Observe the attack effect when \(\varepsilon\) is 0.
import mindspore.ops as ops
fgsm = FastGradientSignMethod(network, eps=0.0, loss_fn=net_loss)
advs = fgsm.batch_generate(test_images, true_labels, batch_size=32)
adv_predicts = model.predict(ms.Tensor(advs)).asnumpy()
adv_predicts = np.argmax(adv_predicts, axis=1)
accuracy = np.mean(np.equal(adv_predicts, true_labels))
print(accuracy)
0.9888822115384616
Set \(\varepsilon\) to 0.5 and try to run the attack.
fgsm = FastGradientSignMethod(network, eps=0.5, loss_fn=net_loss)
advs = fgsm.batch_generate(test_images, true_labels, batch_size=32)

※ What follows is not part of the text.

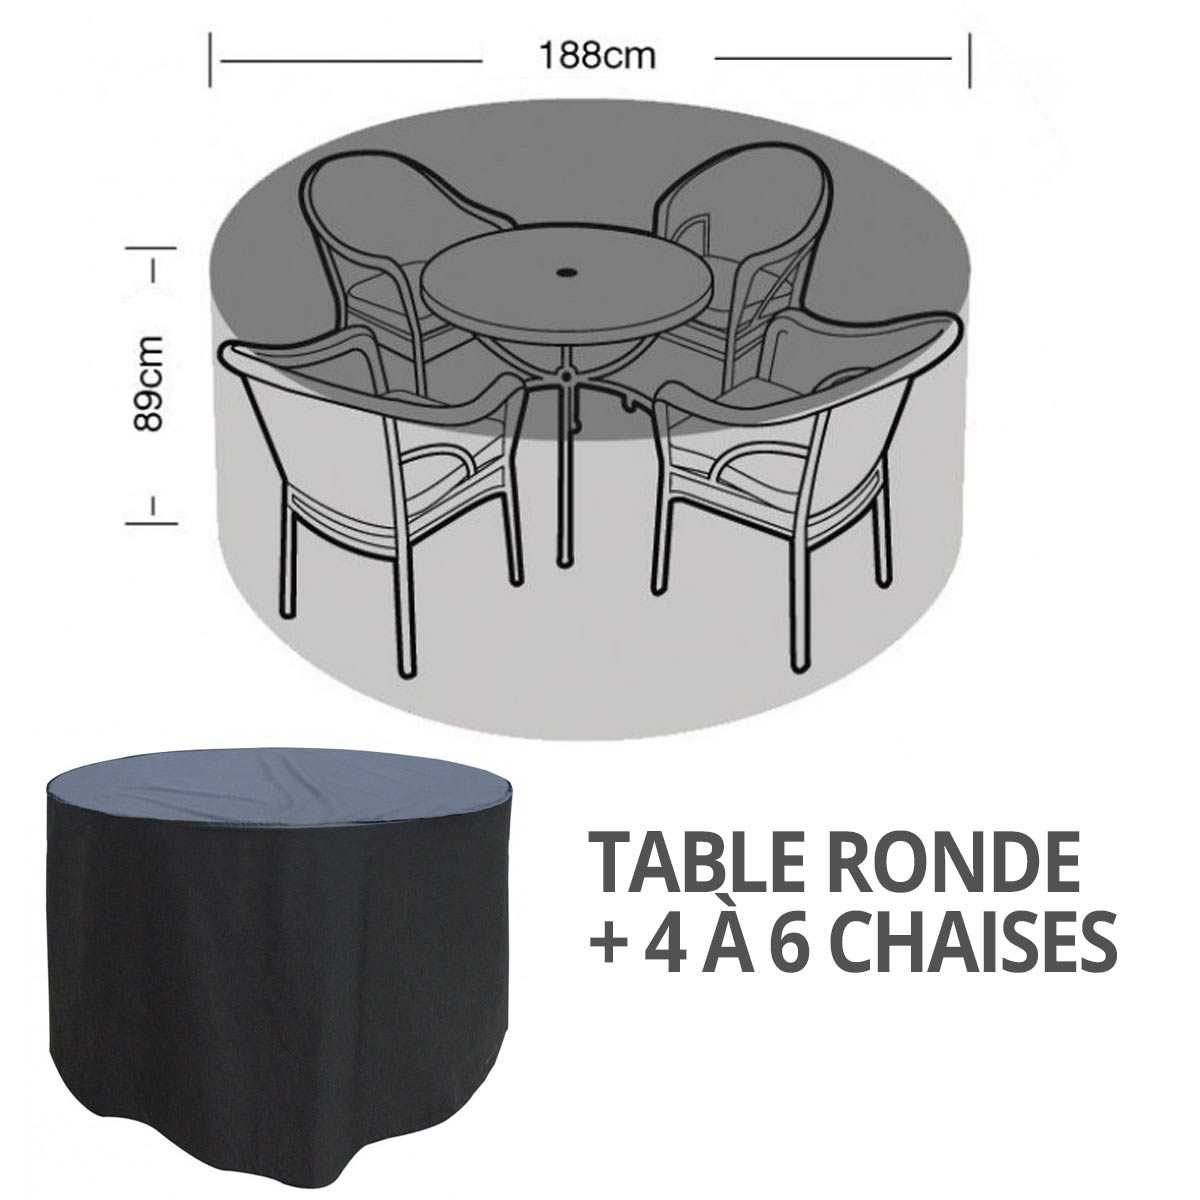 Housse bâche protection table ronde + 4 à 6 chaises diam. 188cm, vente au  meilleur prix

adv_predicts = model.predict(ms.Tensor(advs)).asnumpy()
adv_predicts = np.argmax(adv_predicts, axis=1)
accuracy = np.mean(np.equal(adv_predicts, true_labels))
print(accuracy)
0.36828926282051283
The preceding result shows that the accuracy of the LeNet model is greatly reduced.
The following shows the actual form of the attacked image. It can be seen that the image changes slightly, but the accuracy decreases greatly in the test.
import matplotlib.pyplot as plt
%matplotlib inline
adv_examples = np.transpose(advs[:10], [0, 2, 3, 1])
ori_examples = np.transpose(test_images[:10], [0, 2, 3, 1])
plt.figure(figsize=(10, 3), dpi=120)
for i in range(10):
plt.subplot(3, 10, i+1)
plt.axis("off")
plt.imshow(np.squeeze(ori_examples[i]))
plt.subplot(3, 10, i+11)
plt.axis("off")
plt.imshow(np.squeeze(adv_examples[i]))
plt.show()